Efficient Equivariant Transformer for Self-Driving Agent Modeling
New transformer architecture eliminates quadratic scaling, achieving SE(2)-equivariance without expensive positional encodings.
A research team from Uber ATG and the University of Toronto has unveiled DriveGATr, a new transformer-based architecture designed to model the behavior of agents (like cars and pedestrians) in self-driving systems. The core challenge in this domain is building models that respect fundamental symmetries of the physical world, specifically SE(2)-equivariance—meaning predictions should not change if the entire scene is rotated or translated. While standard transformers handle permutation equivariance, achieving SE(2)-equivariance has traditionally required explicit, pairwise relative positional encodings, a method whose computational cost scales quadratically with the number of agents, severely limiting scalability for complex urban scenes.

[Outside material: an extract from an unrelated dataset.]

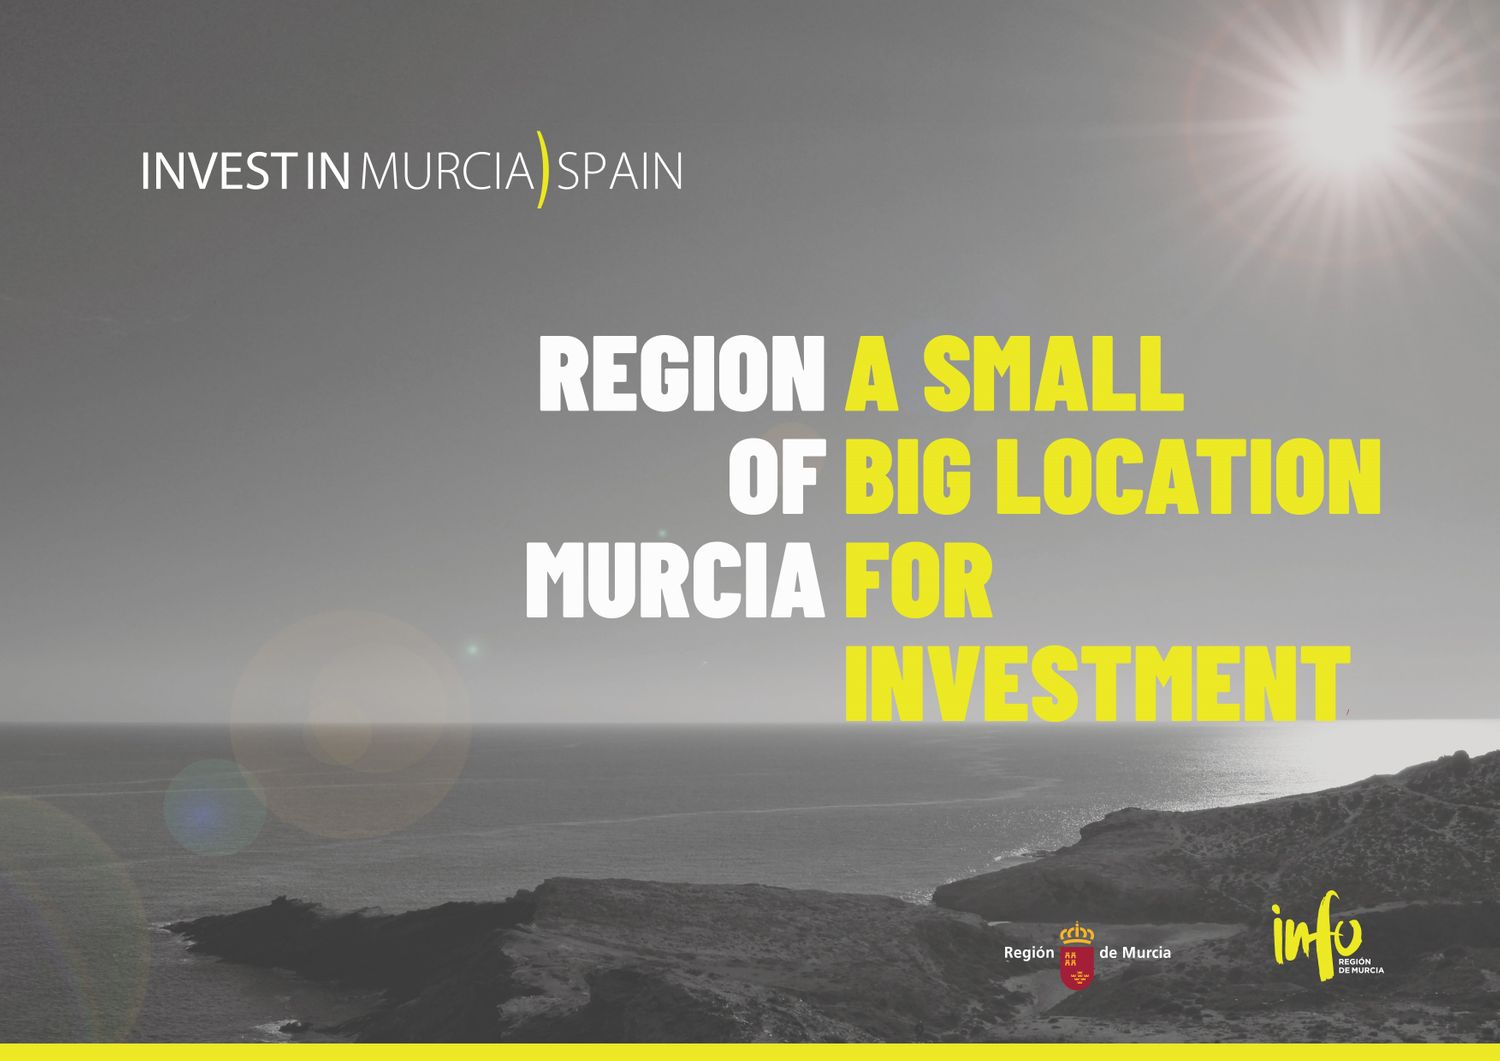 Invest in Murcia ) Spain

DriveGATr's innovation lies in its use of geometric algebra to sidestep this bottleneck. Instead of standard vectors, the model encodes each scene element—vehicles, pedestrians, lanes—as a multivector within the 2D projective geometric algebra ℝ*_{2,0,1}. This mathematical representation inherently encapsulates geometric relationships like orientation and position. These multivectors are then processed through a stack of equivariant transformer blocks. Crucially, because the geometric relationships are baked into the multivectors themselves, the model can use standard, efficient attention mechanisms between them, completely avoiding the need for the expensive quadratic-cost positional encodings used by prior methods.
Evaluated on the challenging Waymo Open Motion Dataset, DriveGATr demonstrates performance comparable to the state-of-the-art in traffic simulation. More importantly, it establishes a superior Pareto frontier, meaning it offers a better trade-off between prediction accuracy and computational expense. This efficiency gain is critical for practical deployment, where self-driving systems must run complex prediction models in real-time, processing scenes with dozens of dynamic agents. The work, accepted at CVPR 2026, represents a significant step toward more scalable and computationally feasible prediction modules for autonomous vehicles.
- Eliminates quadratic-cost positional encodings by encoding scenes as geometric algebra multivectors (ℝ*_{2,0,1}).
- Achieves SE(2)-equivariance—invariance to rotation and translation—crucial for robust real-world predictions.
- Demonstrates superior performance vs. compute trade-off on Waymo Open Motion Dataset, enabling scaling to larger scenes.
Why It Matters
Enables more scalable, real-time prediction for autonomous vehicles by drastically reducing computational overhead for modeling complex traffic scenes.